Craigslist posting has come down.
Hopefully the guy has gotten in touch with you.


----------



## Harry Hill (Sep 8, 2011)

*Mill-Route Carving System*

I want to thank Victor for his notification on this offer. I am the person that purchased the Mill-Route Carving System package from the fine individual doing the selling. I have yet to look through all the information in the box since it has only been an hour since getting home from the drive to Gig Harbor. It appears the contens of the box has never been used/opened (installation hardware still in original sealed packaging and all bearings show no use). I will scan what information I find in the box and I will attempt to post it here. I will let you know if I am having problems uploading the information here. I will work at getting all the information posted here today. Thanks again. My email is [email protected]


----------



## Harry Hill (Sep 8, 2011)

*Mill-Route Carving System*

Here are scanned copies of both the Mill-Route Carving System Flyer and the Mill-Route Carving System Owners Manual in PDF format. I hope this helps other owners.
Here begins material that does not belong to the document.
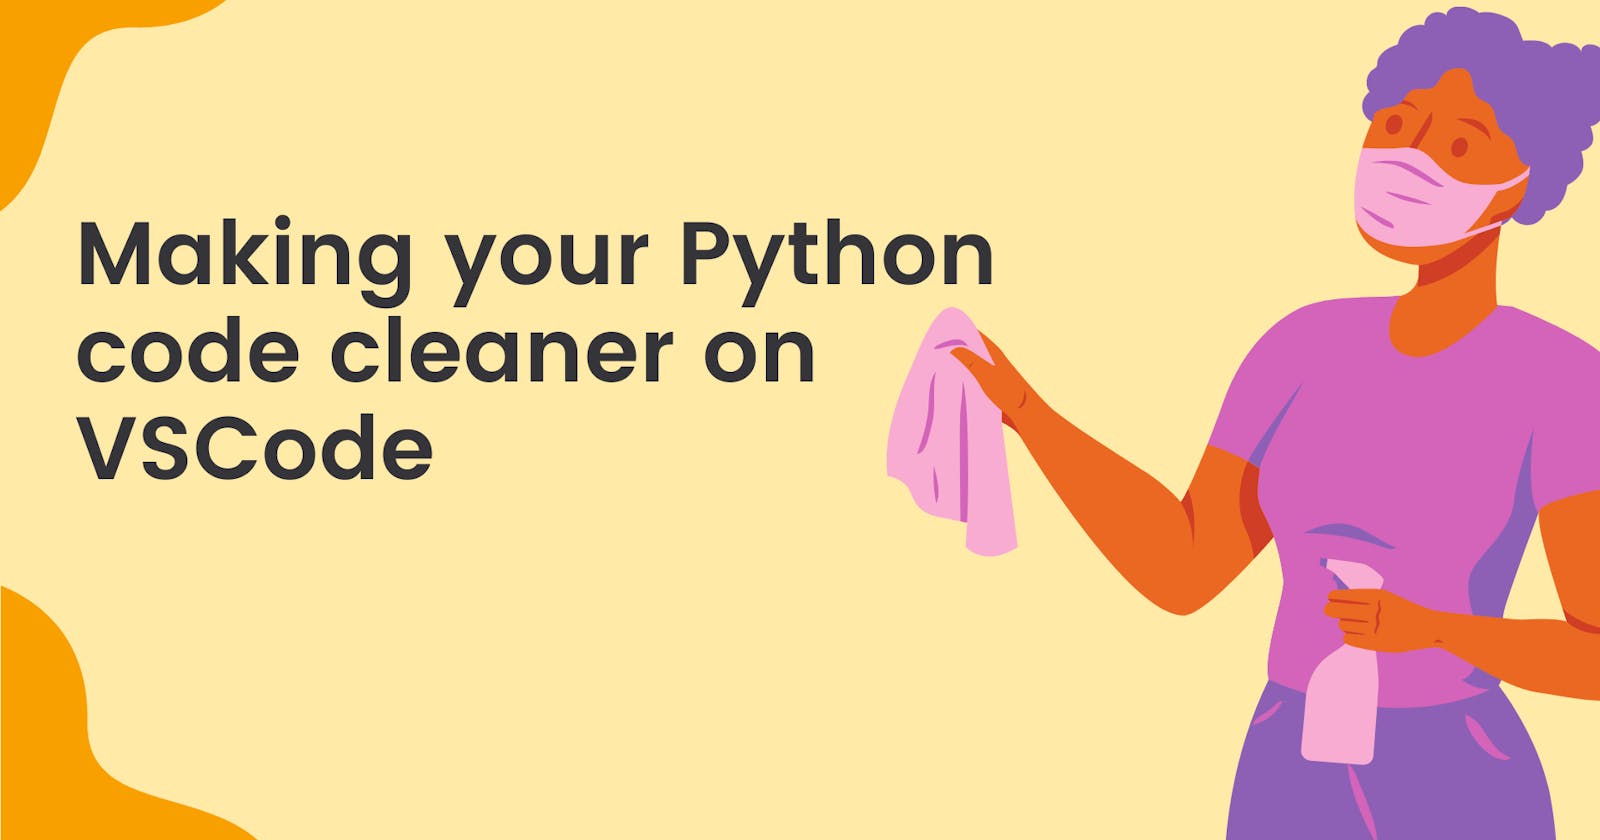 Making your Python code cleaner on VSCode

I hope this upload works. I would appreciate it if those people that are familiar with file uploads could move copies of the attached PDF files for the Flyer and Owner's Manual to the forum section that is used to store Owner's manuals. I do not feel I have enough experience to do such a upload as yet. I am not even sure this upload is going to work.

Again, thank you Victor very much for your notification to the Forum allowing me the opportunity to make this purchase. This whole tool package is complete and has never been used/unpackaged.

Harry


----------



## Harry Hill (Sep 8, 2011)

I uploaded the Mill-Route Carving System Owner's Manual to the manual location (at least I hope it was the correct location here on the Forum).


----------



## jw2170 (Jan 24, 2008)

Thanks Harry. that type of information is gold to a wood worker...


----------



## rwl7532 (Sep 8, 2011)

Harry, what's your location? Seattle-Tacoma area?
I'm in Everett.


----------



## rwl7532 (Sep 8, 2011)

rwl7532 said:


> Harry, what's your location? Seattle-Tacoma area?
> I'm in Everett.


I see in your profile you are in Covington.


----------